TRANSPARENCE & LUTTE CONTRE LA CORRUPTION (LOI SAPIN 2) : INTERVENTION DU DEPUTE SEBASTIEN…

TRANSPARENCE & LUTTE CONTRE LA CORRUPTION (LOI SAPIN 2) :

INTERVENTION DU DEPUTE SEBASTIEN DENAJA,
RAPPORTEUR DU PROJET DE LOI
EN SEANCE PUBLIQUE LUNDI 6 JUIN 2016

Sébastien Denaja, rapporteur du projet de loi Sapin 2 relatif à la Transparence, à la Lutte contre la Corruption et à la Modernisation de la vie économique, présentait ce projet devant l'Assemblée Nationale réunie en séance publique lundi 6 juin.

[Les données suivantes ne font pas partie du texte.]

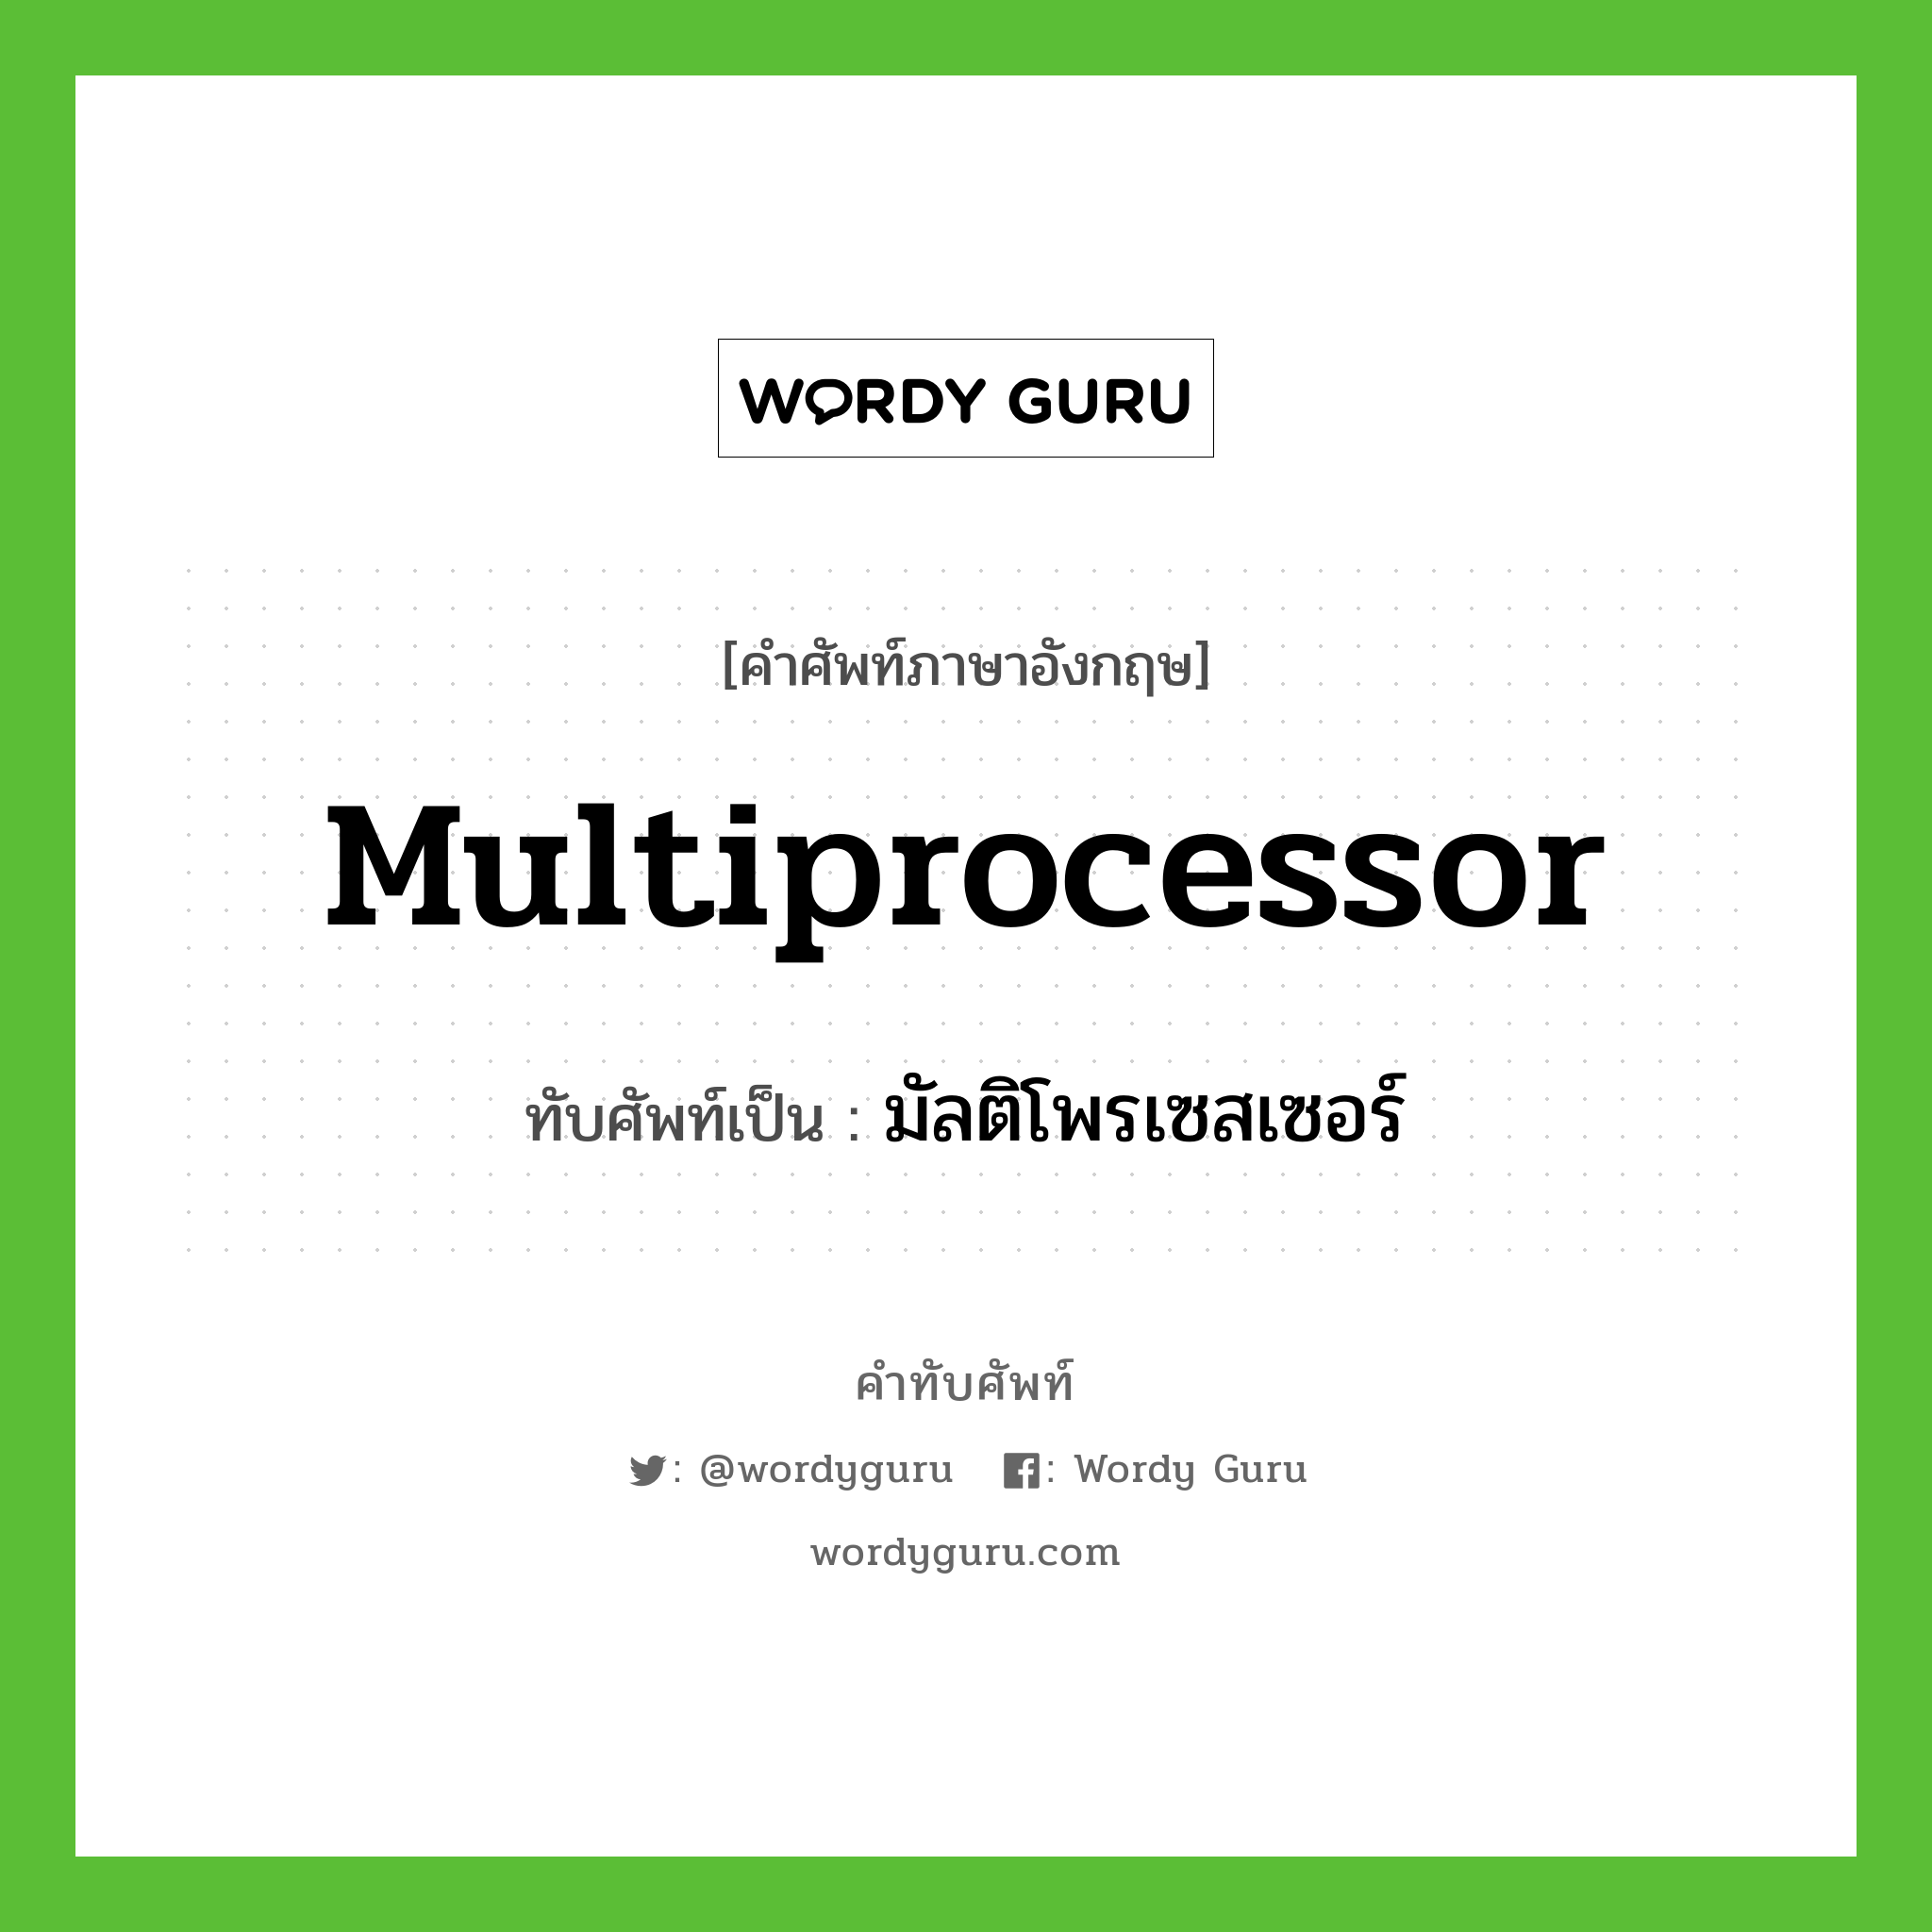 มัลติโพรเซสเซอร์ เขียนอย่างไร?, คำศัพท์ภาษาอังกฤษ มัลติโพรเซสเซอร์ ทับศัพท์เป็น multiprocessor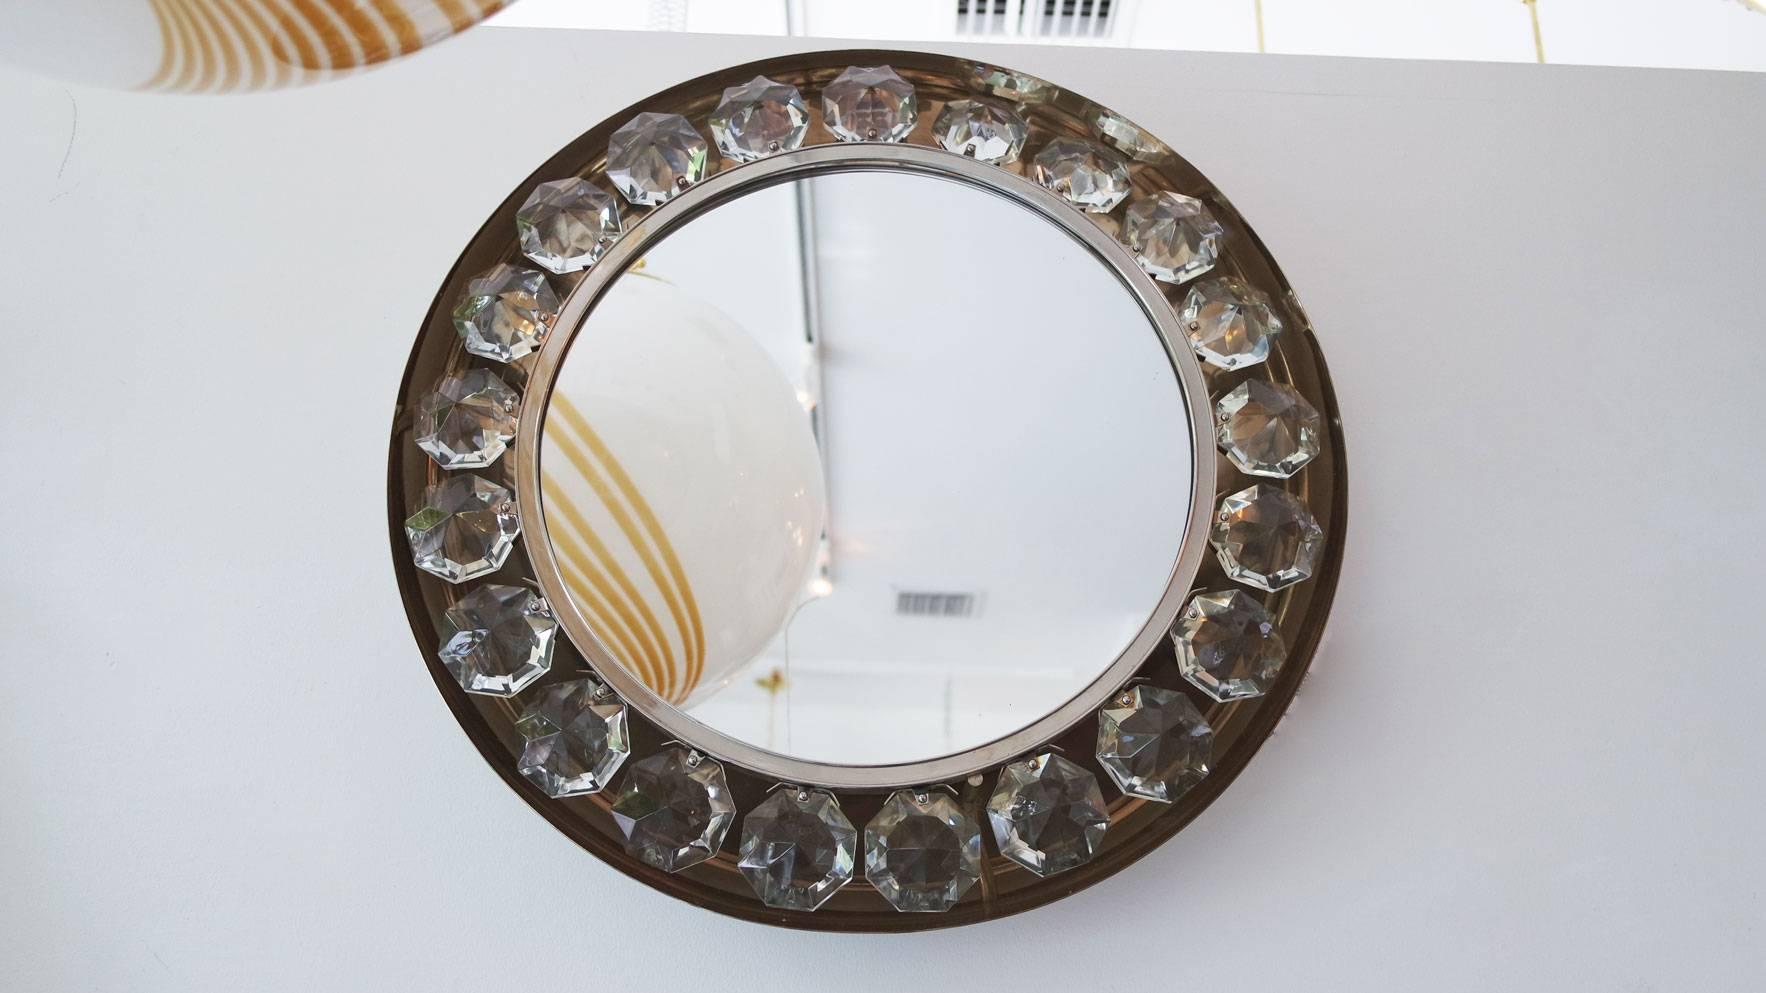 Vintage round nickel mirror with jewel element surround by Firma Jochmann.

Ci-après le texte de son discours :

« Monsieur le président, messieurs les ministres, madame la présidente de la commission des affaires économiques, monsieur le vice-président de la commission des lois, messieurs les rapporteurs pour avis, mes chers collègues, c’est un pas décisif que le Gouvernement propose aujourd’hui à notre Assemblée de franchir. Ce projet de loi, j’en ai la conviction, façonnera durablement notre droit. Il permettra des avancées décisives en matière de lutte contre la corruption et de transparence, des avancées sur lesquelles personne n’osera jamais revenir, une fois qu’elles auront été adoptées, ni dans un an ni dans vingt-trois ans, monsieur le ministre.

En 2013 déjà, notre majorité avait voté des changements cruciaux. Les deux lois d’octobre 2013 relatives à la transparence de la vie publique ont en effet permis d’imposer une moralisation de l’exercice des fonctions électives et politiques. La loi de décembre 2013 relative à la lutte contre la fraude fiscale et la grande délinquance économique et financière, quant à elle, a créé le procureur national financier et punit désormais sévèrement les atteintes à la probité.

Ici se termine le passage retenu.